Their first five albums were for IRS, an independent label (and their first recording – the EP Chronic Town is also stunning and an essential part of their catalogue).  Even tracks like The One I Love are not what people think – it is a searing response to the end of a relationship.  Another favourite track from the late 80s is Cuyahoga, about the First Nations (https://wordpress.com/post/fivemilesout.home.blog/1701 ).

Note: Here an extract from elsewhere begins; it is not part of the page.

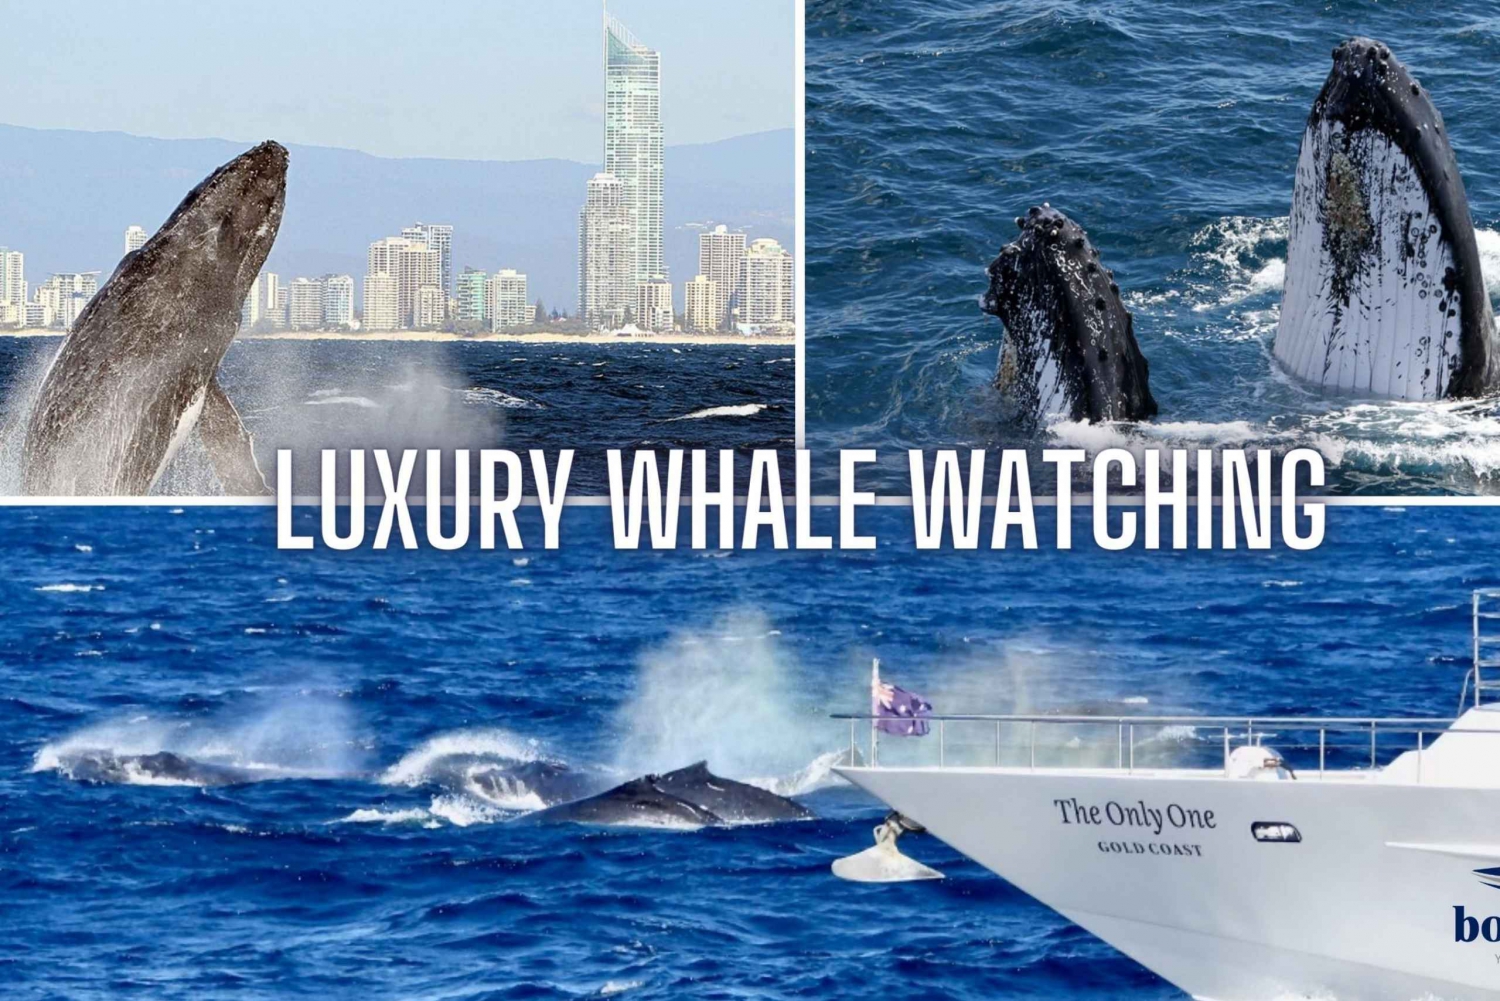 Gold Coast: rondleiding walvissen spotten

They moved to Warner Brothers and commercial success arrived with the album Green.  Highlights include Orange Crush, about the use of agent orange defoliant in Vietnam (that also had long term impact on the health of the Vietnamese).  World Leader Pretend is about rich people treating the world like Monopoly (similar to a comic strip by Phil Elliott, I always wondered if they had read that or it was just a case of cultural coincidence).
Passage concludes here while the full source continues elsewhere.